Segment Start: Data provided

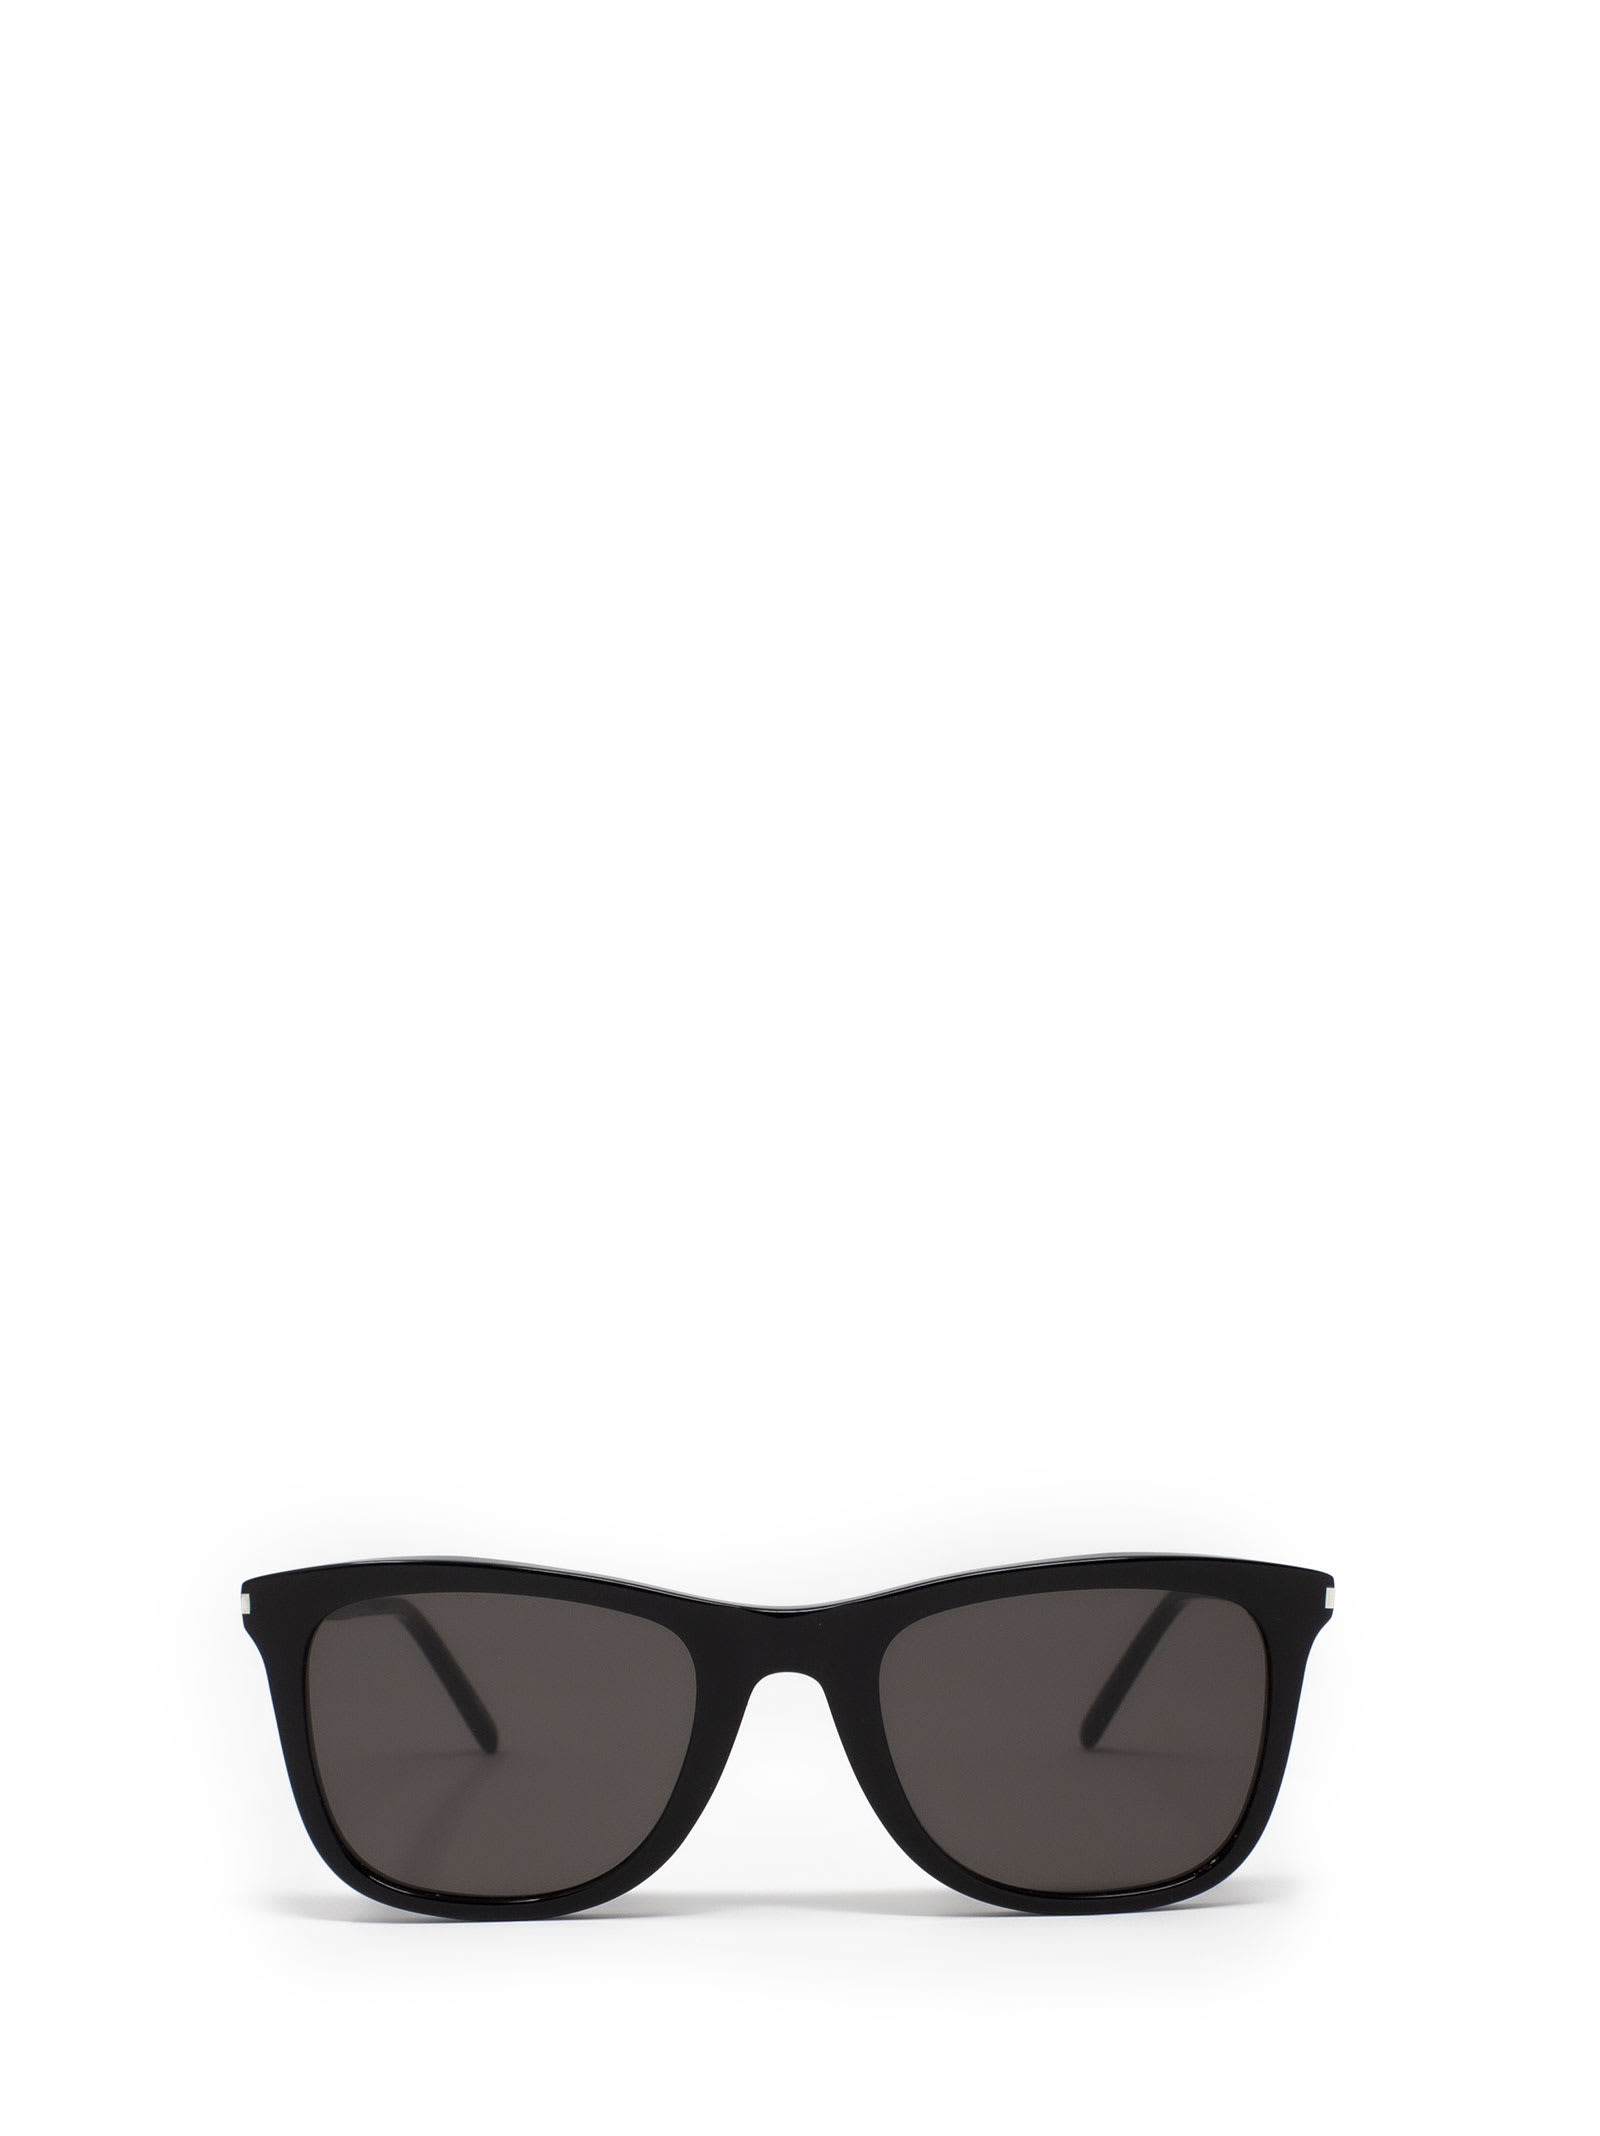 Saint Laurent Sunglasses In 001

Segment End: Data provided
Segment Start: Data provided

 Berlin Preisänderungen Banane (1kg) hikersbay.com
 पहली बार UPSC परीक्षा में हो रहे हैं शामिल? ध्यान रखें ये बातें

Segment End: Data provided
Segment Start: Data provided

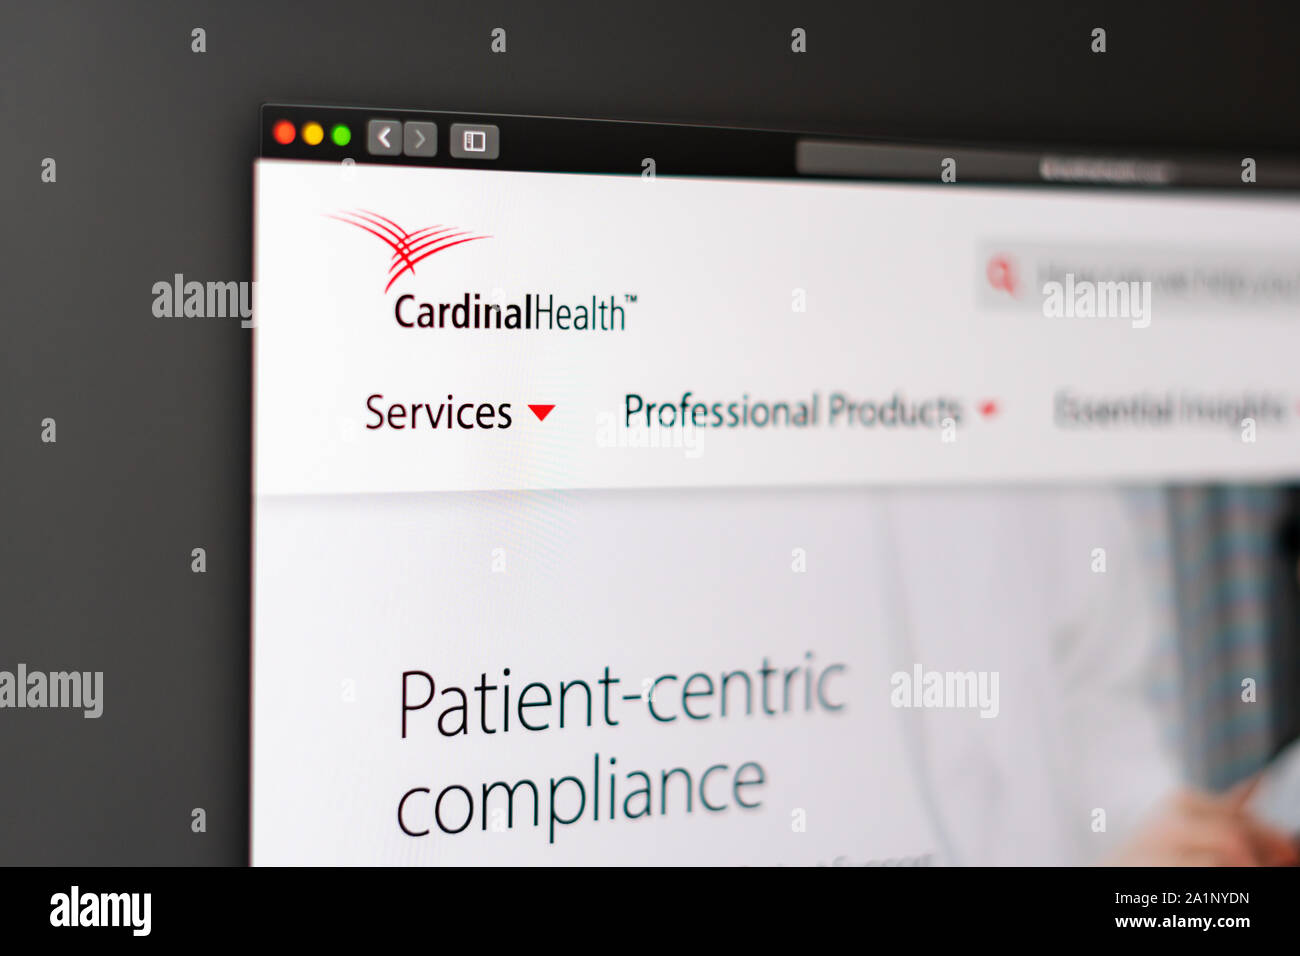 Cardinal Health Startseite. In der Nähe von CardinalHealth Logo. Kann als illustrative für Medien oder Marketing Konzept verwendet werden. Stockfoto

Segment End: Data provided

## Task item
Write out only the lines that run from the line containing "Berlin Preisänderungen Banane" through the line containing "पहली बार UPSC", both included, exactly as they appear above.

## Written response
 Berlin Preisänderungen Banane (1kg) hikersbay.com
 पहली बार UPSC परीक्षा में हो रहे हैं शामिल? ध्यान रखें ये बातें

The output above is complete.